Serotonin: Brains, Bowels, Bones and Beyond

One of the fascinating aspects of medicine and biology is how one substance can have so many functions.  A recent article about the effects of serotonin on bone cells and bone formation in the New York Times illustrates this point. While this finding about serotonin and bone formation may be important for developing new ways to treat osteoporosis, it is especially fascinating because serotonin does so many other things in the body.

Serotonin is probably best known for how its levels affect mood – which is the basis for the medicines to treat depression in the class known as “Selective Serotonin Reuptake Inhibitors,” or SSRIs. Serotonin is also involved with the functioning of the gastrointestinal system – primarily as a neurotranmitter in the GI track’s nervous system effecting the peristaltic movement of the intestines. [Click here for a 2001 video from Novartis about serotonin and Irritable Bowel Syndrome.]

What the research article in Cell shows is that high levels of serotonin may inhibit bone formation as well. This understanding may be the basis for creating new treatments for osteoporosis – and is a new avenue for addressing this disease that hadn’t been considered before.  As the New York Times characterizes it, “Osteoporosis researcher were dumbfounded by the report.”

While this is very interesting in itself, as I stated at the start of this post, what is globally more enlightening is how one compound can have very different effects on the human body depending upon where it is found.  This is often seen in how medicines may have effects other than those they are intended to produce.  These are generally called “side-effects,” but really they may be seen as “other effects,” and sometimes they are used as the primary reason for using a medicine.  (To avoid giving what might seem like medical advice, I’ll refrain from listing specifics here, but would be interested if anyone has comments or insights into this.)

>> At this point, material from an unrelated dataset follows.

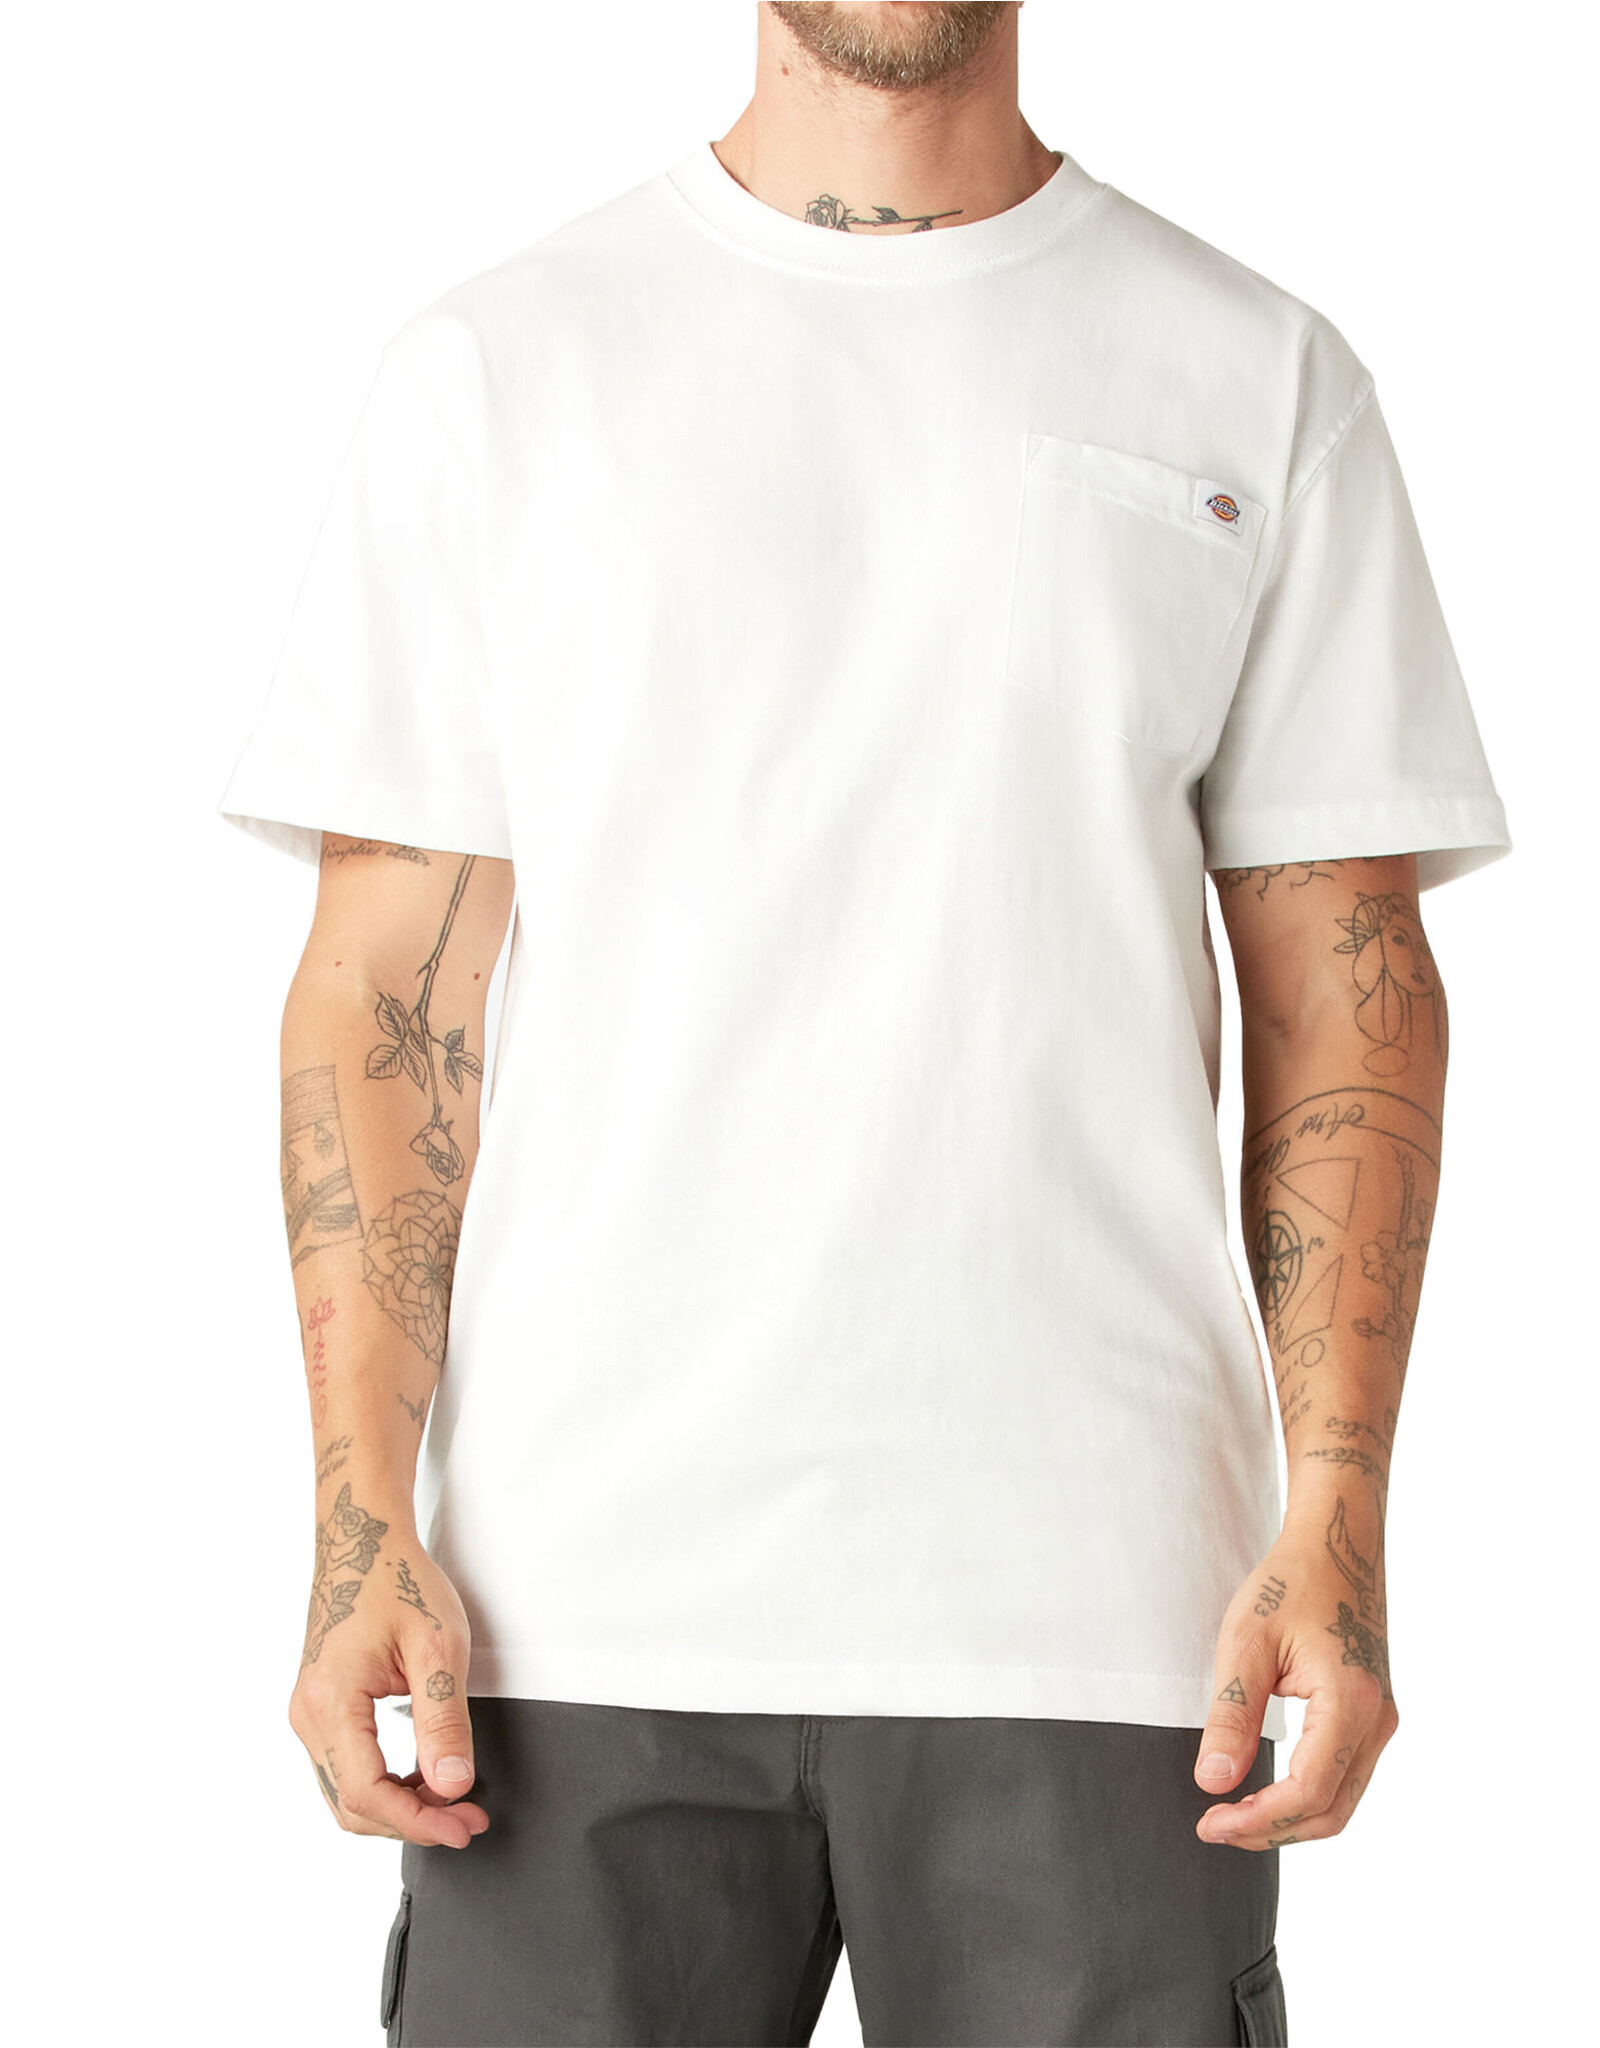 DICKIES Heavyweight Short Sleeve Pocket T-Shirt White - WS450WH

And of course, there are also the side-effects that turn out to be the primary effect for a new medicine.  Most famously, this is what led to the development of Viagra®, a medicine that was intended to promote blood flow in the arteries of the heart, but which actually caused increased blood flow elsewhere.

What this all means is that there are still many unknowns in biomedicine, and that many future discoveries will help us develop better treatments for many diseases by shifting our understanding of how the body works.  As I was told in a lecture on the first day of medical school, “Half of what we’re going to teach you is wrong – we just don’t know which half.”  I know that in the few/several/many years since I graduated medical school, biomedical research has discovered a tremendous amount of new knowledge about human health and disease.  But I also suspect that the percentage of what medical students are taught today which will need to be changed in the coming years hasn’t shifted very much, if at all, because more knowledge also leads to asking more questions – which, of course, are really the starting point for new discoveries that lead to better treatments…… and also require medical school professors to revise their lectures every year.